Processing Real-Time Streams with Amazon Kinesis

 

Processing Real-Time Streams with Amazon Kinesis

Introduction

In today's data-driven world, the ability to process and analyze data in real time is crucial for businesses to make timely decisions and gain competitive advantages. Amazon Kinesis is a suite of services offered by Amazon Web Services (AWS) that makes it easy to collect, process, and analyze real-time streaming data so you can get timely insights and react quickly to new information.

What is Amazon Kinesis?

Amazon Kinesis is a scalable, fully managed service for real-time data streaming and analytics. It allows you to ingest massive volumes of data from hundreds of thousands of sources, process it in real time, and deliver it to various destinations for further analysis and storage.

Key Components

  • Kinesis Data Streams: Lets you create your own applications to handle data that’s coming in continuously (like a live stream). Imagine you have a website and you want to track every click in real-time. Kinesis Data Streams can collect all those click events so your application can process and analyze them as they happen.
  • Kinesis Data Firehose: Makes it easy to take the streaming data and send it directly to storage or analysis tools without much setup. Using the same website, instead of building a custom app to handle clicks, Kinesis Data Firehose can automatically send all the click data to Amazon S3 (a storage service) or Amazon Redshift (a data warehouse) for you to store and analyze later.
  • Kinesis Data Analytics: Lets you analyze the streaming data in real-time using regular SQL queries, which are like the commands you use to manage databases.  If you want to monitor your website clicks and get instant reports on how many clicks you’re getting each minute, Kinesis Data Analytics can run SQL queries on the incoming data to provide those real-time insights.
  • Kinesis Video Streams: Allows you to securely send video from devices (like cameras) to AWS for things like analysis, machine learning, or storing the videos. If you have security cameras at different locations, Kinesis Video Streams can stream the video footage to AWS where you can analyze it for any unusual activity or use it to train a machine learning model to recognize specific events.

Why is Kinesis Important in Cloud Computing?

  • Real-Time Processing: Processes data as it arrives, enabling immediate insights.
  • Scalability: Automatically scales to match the throughput of your data.
  • Cost-Effective: Pay only for the resources you use without upfront commitments.
  • Integration: Seamlessly integrates with other AWS services for storage, processing, and analytics.
  • Reliability: Provides durable storage of streaming data and ensures data is not lost.

Real-World Use Cases

  • Application Monitoring: Real-time analysis of logs and metrics to monitor application health.
  • E-commerce: Tracking user behavior in real time to provide personalized experiences.
  • IoT Devices: Processing sensor data from devices for immediate action or storage.
  • Financial Transactions: Monitoring transactions in real time to detect fraud.
  • Social Media Analytics: Analyzing social media feeds to gauge public sentiment.

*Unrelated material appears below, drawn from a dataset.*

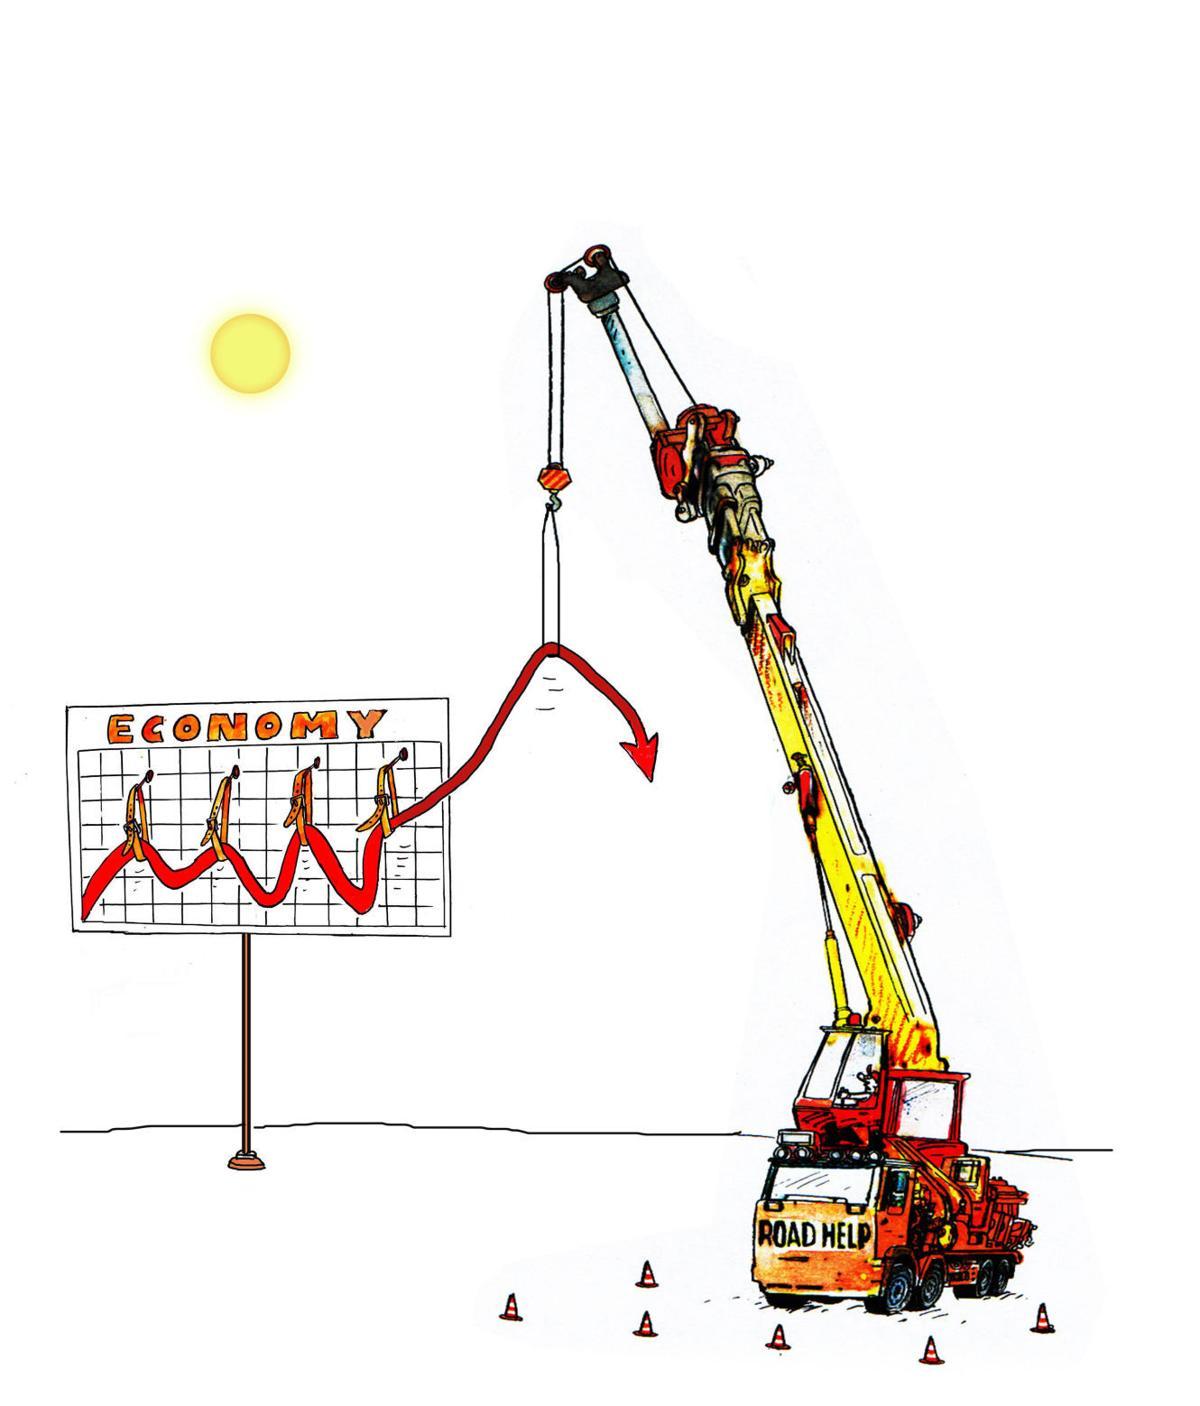 Economic Aid by Pavel Constantin, Romania

Hands-on Lab: Building a Real-Time Data Processing Pipeline with Amazon Kinesis

Scenario Overview

Imagine you're a data engineer at a company that needs to process real-time clickstream data from a website to monitor user behavior and detect anomalies. You need to build a solution that can ingest, process, and store this streaming data for real-time analytics.

What You'll Learn

  • How to set up an Amazon Kinesis Data Stream to ingest real-time data.
  • How to use Amazon Kinesis Data Analytics to process and analyze the streaming data.
  • How to deliver processed data to an Amazon S3 bucket using Kinesis Data Firehose.
  • How to test the entire pipeline by generating sample data.
  • How to monitor and scale the solution.

Prerequisites

  • An AWS account with administrative access.
  • AWS Command Line Interface (CLI) installed and configured.
  • Python 3.x installed on your local machine.
  • Familiarity with basic Python programming.

Step 1: Set Up Your Development Environment

1.1 Install and Configure AWS CLI

Why? The AWS CLI allows you to interact with AWS services from your terminal, which is essential for managing Kinesis resources.

curl "https://awscli.amazonaws.com/AWSCLIV2.pkg" -o "AWSCLIV2.pkg"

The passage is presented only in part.